In regards to the nobility, Mary Brown represents a woman who married John Brown, while Jane Smith represents an unmarried woman.

==Royalty==

| Position | On envelopes | Salutation in letter | Oral address |
| King | HM The King | Your Majesty | Your Majesty, and thereafter as "Sir" (or the archaic "Sire") |
| Queen | HM The Queen | Your Majesty, and thereafter as "Ma'am" (to rhyme with "jam") |
| Prince of Wales | HRH The Prince of Wales HRH The Duke of Rothesay (in Scotland) | Your Royal Highness | Your Royal Highness, and thereafter as "Sir" (for males) or "Ma'am" (for females) |
| Princess of Wales | HRH The Princess of Wales HRH The Duchess of Rothesay (in Scotland) |
| Princess Royal | HRH The Princess Royal |
| Royal peer | HRH The Duke/etc. of London, e.g. HRH The Duke of Edinburgh |
| Royal peeress | HRH The Duchess/etc. of London, e.g. HRH The Duchess of Edinburgh |
| Sovereign's son (unless a peer) Spouse to Queen suo jure (in the case of Prince Philip) | HRH The Prince John |
| Sovereign's son's wife (unless a peeress) | HRH The Princess John |
| Sovereign's daughter (unless a peeress) | HRH The Princess Mary |
| Sons of the Prince of Wales (unless a peer) | HRH Prince John of Wales, e.g. HRH Prince George of Wales |
| Daughters of the Prince of Wales (unless a peer) | HRH Princess Mary of Wales, e.g. HRH Princess Charlotte of Wales |
| Sovereign's son's son Prince of Wales's eldest son's sons (unless a peer) | HRH Prince John of London, e.g. HRH Prince Michael of Kent |
| Sovereign's son's son's wife (unless a peeress) | HRH Princess John of London, e.g. HRH Princess Michael of Kent |
| Sovereign's son's daughter Prince of Wales's eldest son's daughters if unmarried (unless a peeress) | HRH Princess Mary of London, e.g. HRH Princess Lilibet of Sussex |
| Sovereign's son's daughter Prince of Wales's eldest son's daughters if married (unless a peeress) | HRH Princess Mary, Mrs John Brown, e.g. HRH Princess Beatrice, Mrs Edoardo Mapelli Mozzi |
| Sovereign's son's son's son (unless a peer) (except sons of the eldest son of the Prince of Wales) | The Lord John Windsor, e.g. The Lord Nicholas Windsor | Dear Lord John | Lord John |
| Sovereign's son's son's son's wife (unless a peeress) | The Lady John Windsor, e.g. The Lady Nicholas Windsor | Dear Lady John | Lady John |
| Sovereign's son's son's daughter (unless a peeress) (except daughters of the eldest son of the Prince of Wales) | The Lady Mary Windsor, e.g. The Lady Helen Taylor | Dear Lady Mary | Lady Mary |

==Nobility==
The preposition of may be omitted in the form of Marquessates and Earldoms and included in the form of Scottish Viscountcies. It is not often present in peerage Baronies and Lordships of Parliament, though always present in Dukedoms and Scottish feudal Baronies.

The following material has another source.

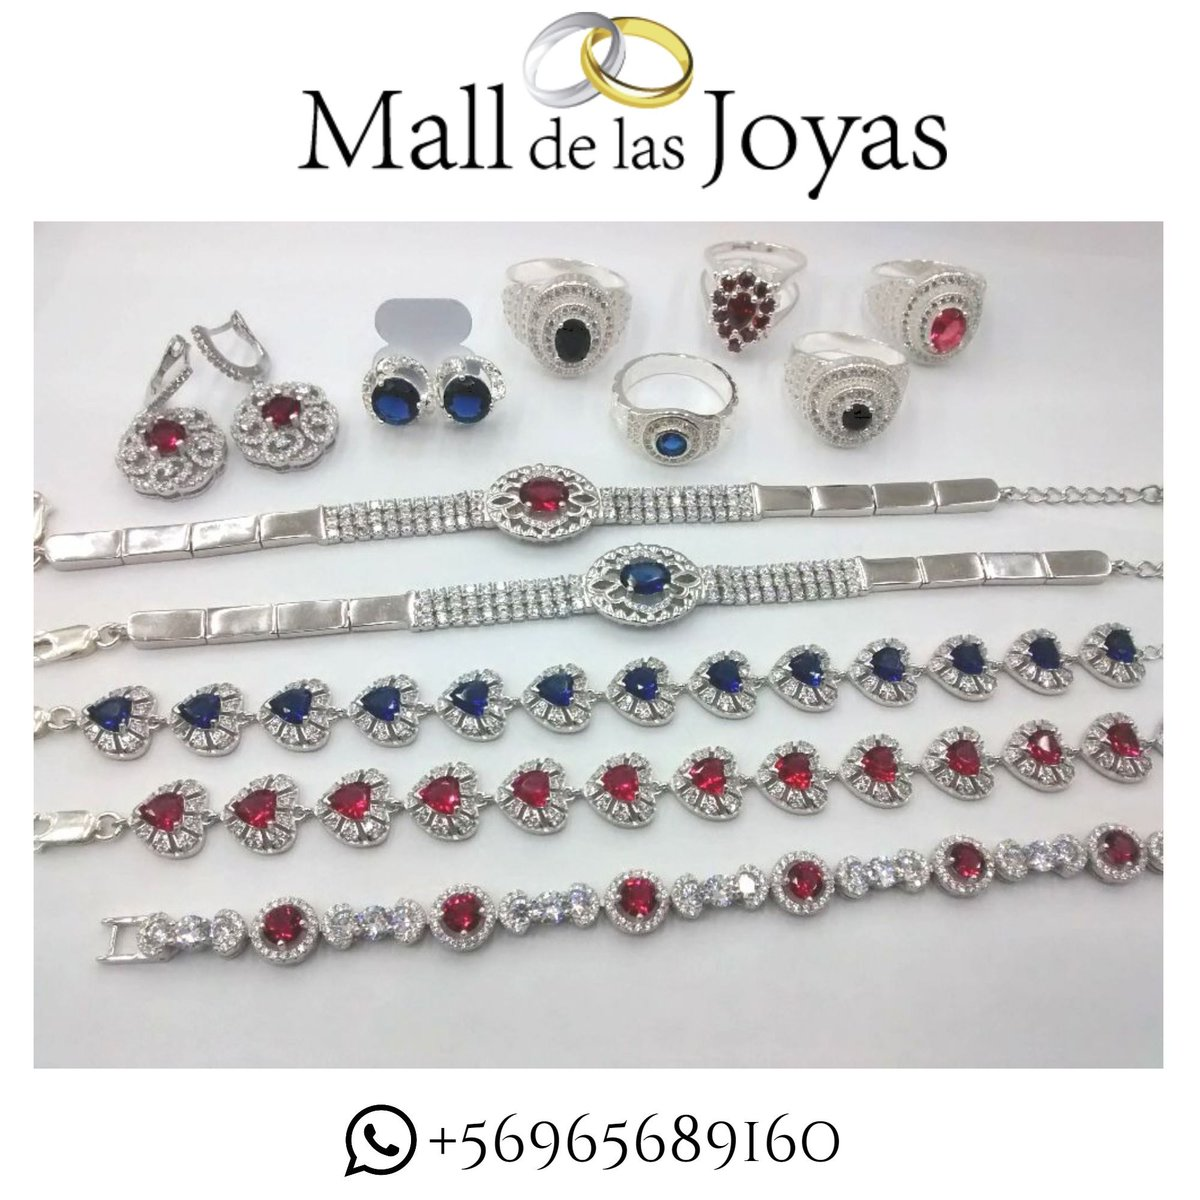 94c7465a0d77  chile  santiago  mayorista  venta  joyeria  joyas  plata  oro  cadenas   anillos… https   t.co 0hWSDRzU1O

The definite article the in the middle of two or more titles is sometimes capitalized, as in these tables. However this is controversial: traditional British guides use the lower-case the. As a single example, Debrett's gives "Major-General the Lord ...", and Pears' Cyclopaedia in the section on Modes of Address gives several examples where the definite article interior to a list of honours is lowercase.

===Peers and peeresses===

| Position | On envelopes | Salutation in letter | Oral address |
|---|---|---|---|
| Duke | (The Most Noble) (His Grace) The Duke of London | My Lord Duke or Dear Duke (of London) | Your Grace or Duke |
| Duchess | (The Most Noble) (Her Grace) The Duchess of London | Madam or Dear Duchess (of London) | Your Grace or Duchess |
| Marquess | (The Most Hon) The Marquess (of) London | My Lord Marquess or Dear Lord London | My Lord or Your Lordship or Lord London |
| Marchioness | (The Most Hon) The Marchioness (of) London | Madam or Dear Lady London | My Lady or Your Ladyship or Lady London |
| Earl | (The Rt Hon) The Earl (of) London | My Lord or Dear Lord London | My Lord or Your Lordship or Lord London |
| Countess | (The Rt Hon) The Countess (of) London | Madam or Dear Lady London | My Lady or Your Ladyship or Lady London |
| Viscount | (The Rt Hon) The Viscount (of) London | My Lord or Dear Lord London | My Lord or Your Lordship or Lord London |
| Viscountess | (The Rt Hon) The Viscountess (of) London | Madam or Dear Lady London | My Lady or Your Ladyship or Lady London |
| Baron Lord of Parliament | (The Rt Hon) The Lord London | My Lord or Dear Lord London | My Lord or Your Lordship or Lord London |
| Baroness (in her own right) | (The Rt Hon) The Baroness London or (The Rt Hon) The Lady London | Madam or Dear Lady London | My Lady or Your Ladyship or Lady London |
| Baroness (in her husband's right) Lady of Parliament (in her or her husband's right) | (The Rt Hon) The Lady London | Madam or Dear Lady London | My Lady or Your Ladyship or Lady London |

===Eldest sons of dukes, marquesses and earls===

Eldest sons of dukes, marquesses and earls use their father's most senior subsidiary title as courtesy titles, without "The" before the title. (Note: Some sources do not recommend the use of the definite article before certain courtesy titles (particularly those who have prospects of promotion within the family's titles), but it is used by official Court publications such as the Court Circular.) If applicable, eldest sons of courtesy marquesses or courtesy earls also use a subsidiary title from their (great) grandfather, which is lower ranking than the one used by their father. Eldest daughters do not have courtesy titles; all courtesy peeresses are wives of courtesy peers. (Note: If the definite article is not used before courtesy peerages and The Hon Elizabeth Smith marries Sir William Brown, she becomes The Hon Lady Brown, but if she marries the higher-ranked Lord Brown, a courtesy Baron, she becomes only Lady Brown. If this Sir William Brown's father is created Earl of London and Baron Brown, as a result of this ennoblement his wife's style will actually change, from "The Hon Lady Brown" to "Lady Brown". While the style may appear diminished, the precedence taken increases from that of a wife of a knight to that of a wife of an earl's eldest son.)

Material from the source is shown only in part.